Future CO2-induced ocean acidification enhances resilience of a green tide alga to low-salinity stress

To understand how Ulva species might respond to salinity stress during future ocean acidification we cultured a green tide alga Ulva linza at various salinities (control salinity, 30 PSU; medium salinity, 20 PSU; low salinity, 10 PSU) and CO2 concentrations (400 and 1000 ppmv) for over 30 days. The results showed that, under the low salinity conditions, the thalli could not complete its whole life cycle.
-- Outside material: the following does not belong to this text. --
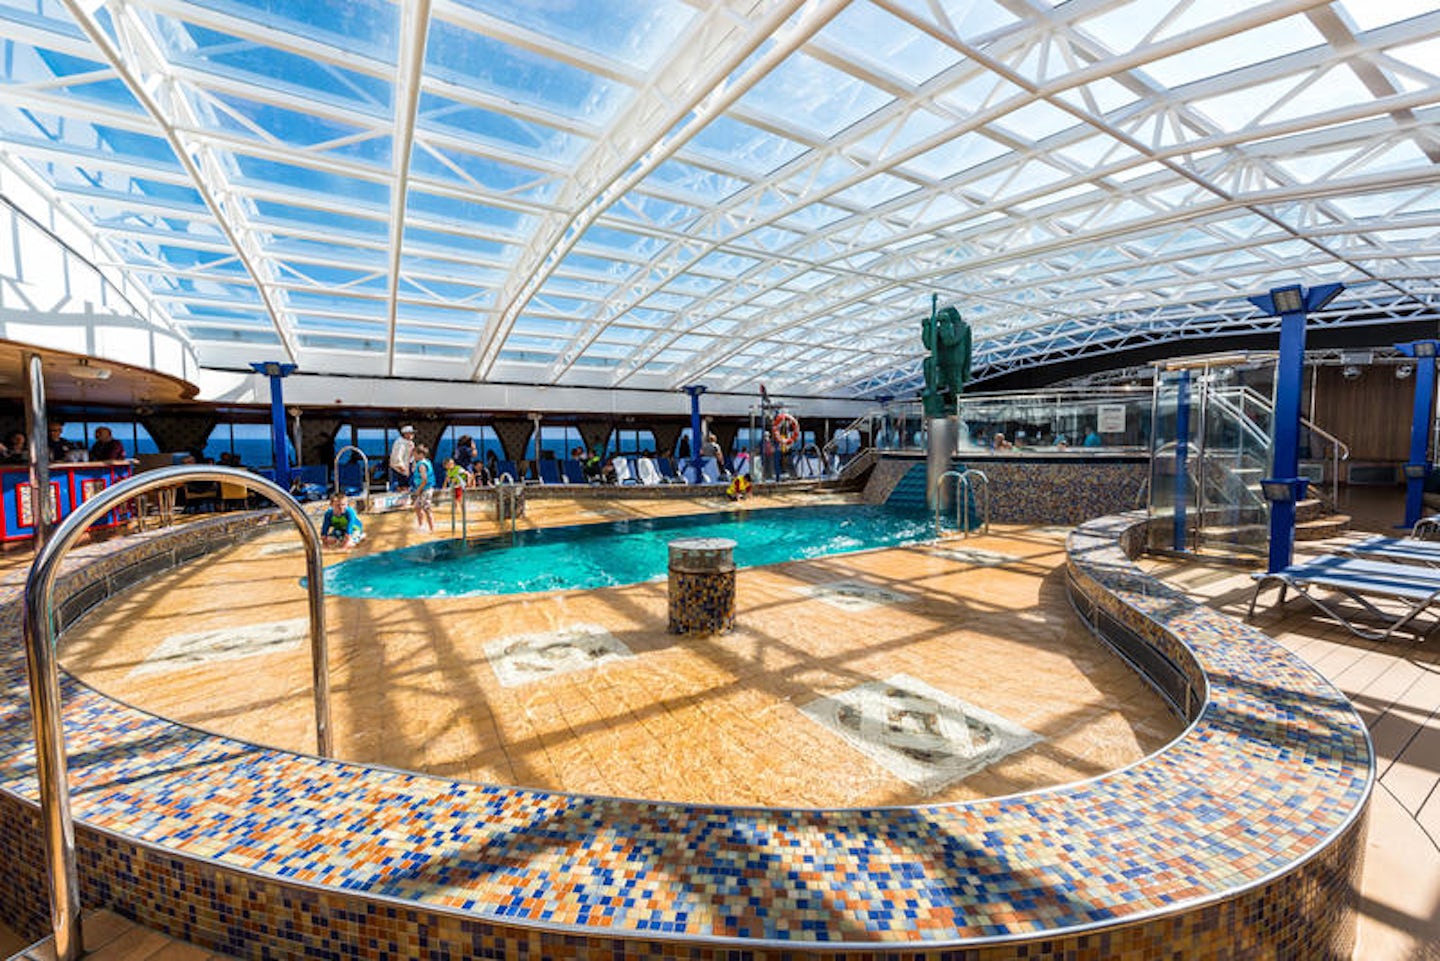 The Avalon Main Pool on Carnival Legend

The specific growth rate (SGR) of juvenile thalli decreased significantly with reduced salinity but increased with a rise in CO2. Compared to the control, medium salinity also decreased the SGR of adult thalli at low CO2 but did not affect it at high CO2. Similar patterns were also found in relative electron transport rate (rETR), non-photochemical quenching, saturating irradiance, and Chl b content. Although medium salinity reduced net photosynthetic rate and maximum rETR at each CO2 level, these negative effects were significantly alleviated at high CO2 levels. In addition, nitrate reductase activity was reduced by medium salinity but enhanced by high CO2. These findings indicate that future ocean acidification would enhance U. linza’s tolerance to low salinity stress and may thus facilitate the occurrence of green tides dominated by U. linza.

Gao G., Qu L., Xu T., Burgess J. G., Li X. & Xu J., 2019. Future CO2-induced ocean acidification enhances resilience of a green tide alga to low-salinity stress. ICES Journal of Marine Science fsz135. doi: 10.1093/icesjms/fsz135. Article (subscription required).